Use of the information contained in this unapproved document is at your own risk
.Last update: 20 April,2001
1003.2-92 #71
_____________________________________________________________________________
Interpretation Number: XXXX
Topic: diff -c
Relevant Sections: 4.17,6.1.4
Interpretation Request: (Defect Report)
-----------------------
(from Alex White, MKS)
Subject: IEEE Std 1003.2-1992 Interpretation Request: (Defect Report) diff
I would like an interpretation for diff -c output as outlined in
IEEE Std 1003.2-1992 section 4.17.6.1.4.
The format specified for diff -c output by IEEE Std 1003.2-1992 (section
4.17.6.1.4) is not compatible with historical diff -c output. This
difference both breaks existing applications that process context diff
output and makes it impossible for a conforming patch utility to process
diff -c output in either form. Historically a line consisting of 15
asterisks ("***************") was output at the start of the output of
each set of differences. The standard requires instead that the line
consisting of 15 asterisks be output only once immediately after the
file name identification.
For example historical context diff output (with one line of context)
looks like this:
*** t1 Thu May 5 11:15:51 1994
--- t2 Thu May 5 11:15:51 1994
***************
*** 4,6 ****
abacus
- Abaddon
abaff
--- 4,5 ----
***************
*** 8,10 ****
abandon
! abandonned
abase
--- 7,9 ----
abandon
! abandoned
abase
***************
*** 13 ****
--- 12,14 ----
abatis
+ abattoir
+ abaxial
but the standard requires that it looks like this:
*** t1 Thu May 5 11:15:51 1994
--- t2 Thu May 5 11:15:51 1994
***************
*** 4,6 ****
abacus
- Abaddon
abaff
--- 4,5 ----
*** 8,10 ****
abandon
! abandonned
abase
--- 7,9 ----
abandon
! abandoned
abase
*** 13 ****
--- 12,14 ----
abatis
+ abattoir
+ abaxial
This also affects the patch utility because its input is defined in
terms of diff output. It makes context diff output, in either the
historical format or the format the standard requires, impossible to
process by patch. The line with 15 asterisks is key to disambiguating
whether a line in the format of "*** %d,%d ****\n" is part of a "hunk"

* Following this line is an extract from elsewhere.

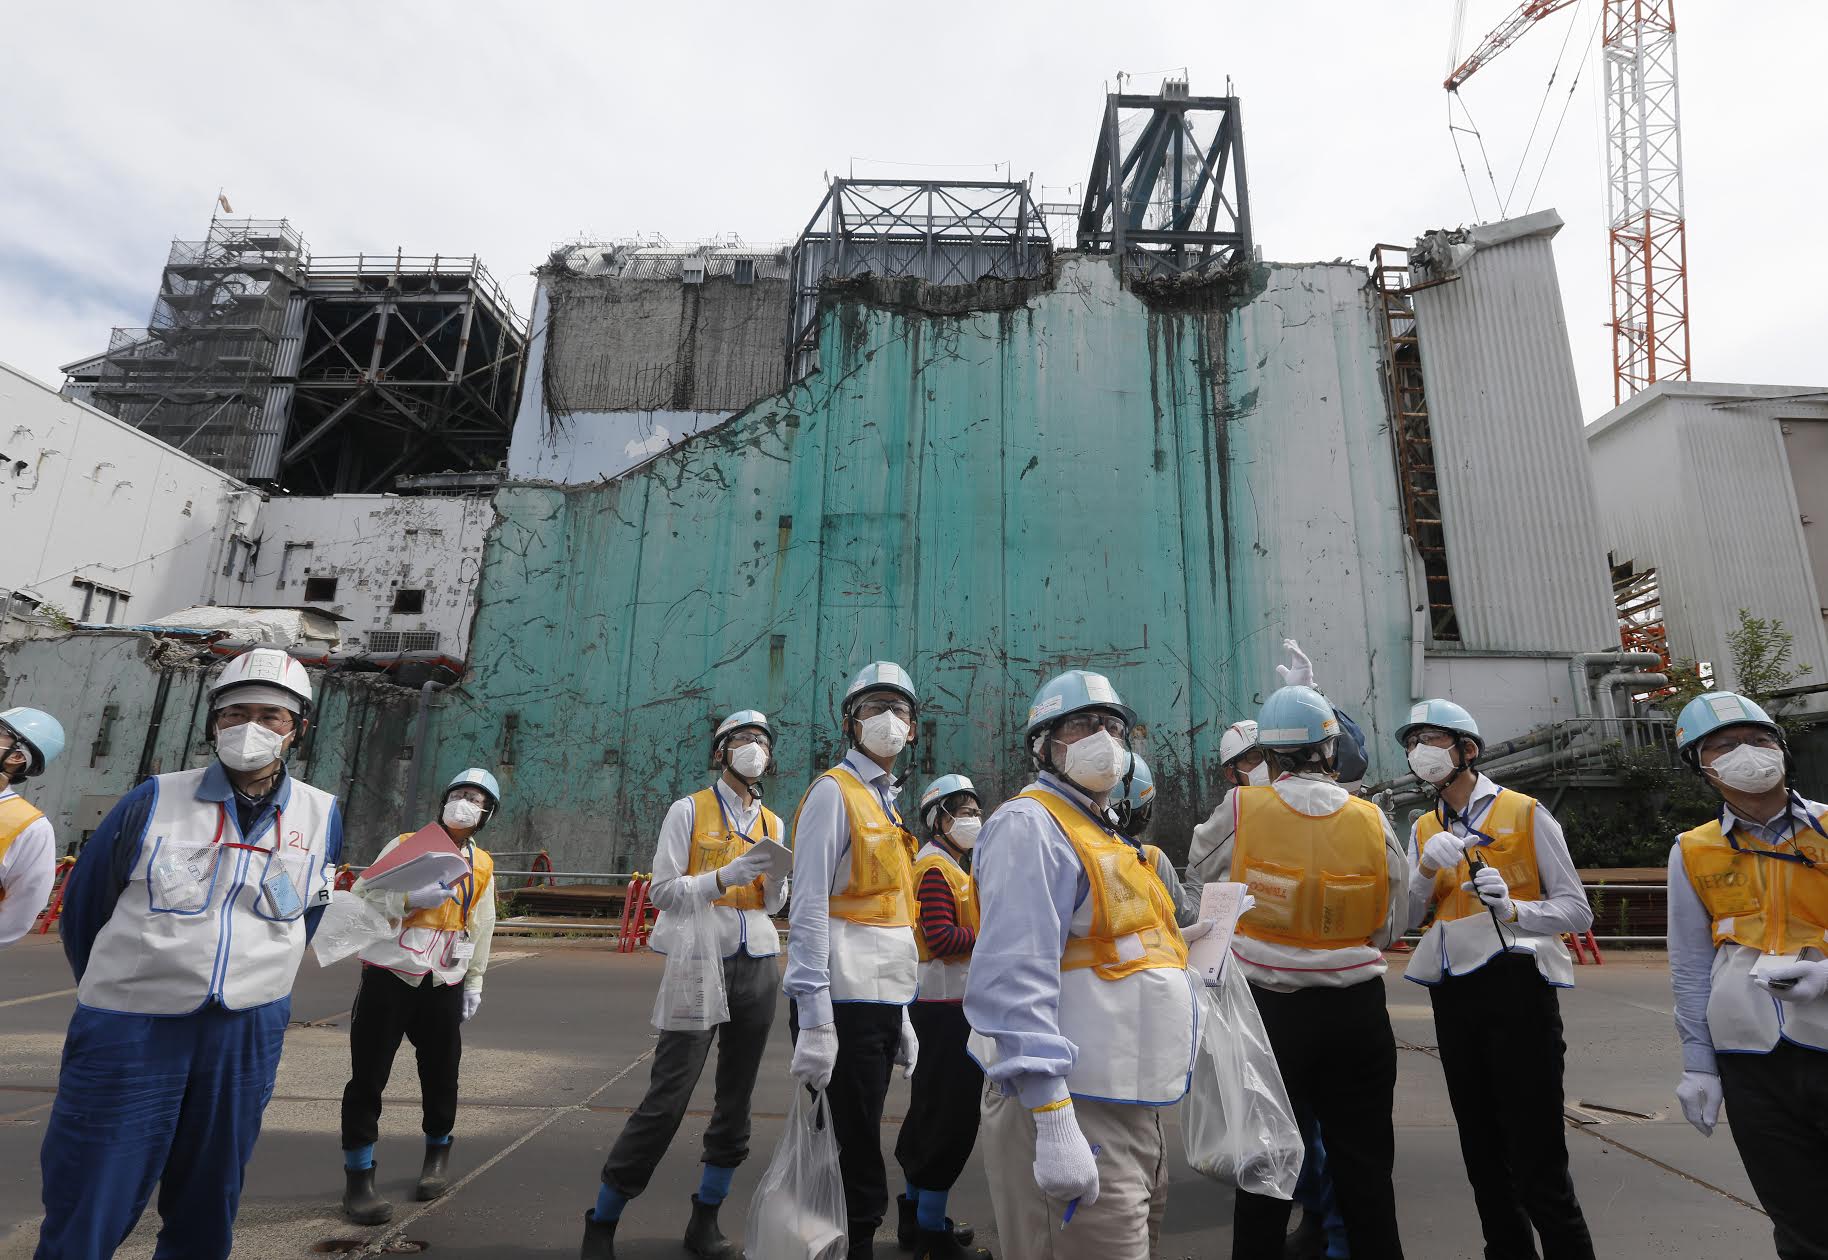 A large group of people wearing safety equipment and breathing masks stands in front of the remains of the destroyed Fukushima nuclear plant in Japan

or is the part of the filename identification, matching expression "***
filename timestamp" (see 5.22.7.1). Traditional patch considered a line
in the format of "*** %d,%d ****\n" file identification unless it was
preceeded by a line of 15 asterisks, in which case it considered it the
start of a new hunk.
Note, patch does not interpret filename identification in terms of diff
output, only hunks are. It has its own rules that require that two
expressions be recognized as filename identification, neither of which
include a line consisting of 15 asterisks. Also, the timestamp can not
be used to disambiguate between the two lines because it is required
that the timestamp not affect the processing of a patchfile (see PASC
Interpretation reference 1003-92.2 #14).
Would it be possible to change 4.17.6.1.4 by:
a) deleting lines 3352-3353.
b) deleting line 3362 and inserting in its place:
First, a string of 15 asterisks shall be output:
"***************\n"
Next, the range of lines in file1 shall be written in
following format:
Interpretation Response:
------------------------
The standard states behavior for the diff -c option and conforming
implementations must conform to this. However, concerns have been
raised about this which are being referred to the sponsor.
Rationale:
----------
None.
Forwarded to Interpretations group: 13 Oct 1994
Proposed resolution sent for review: 19th Nov 94
Resolved: 10th Dec 94
_____________________________________________________________________________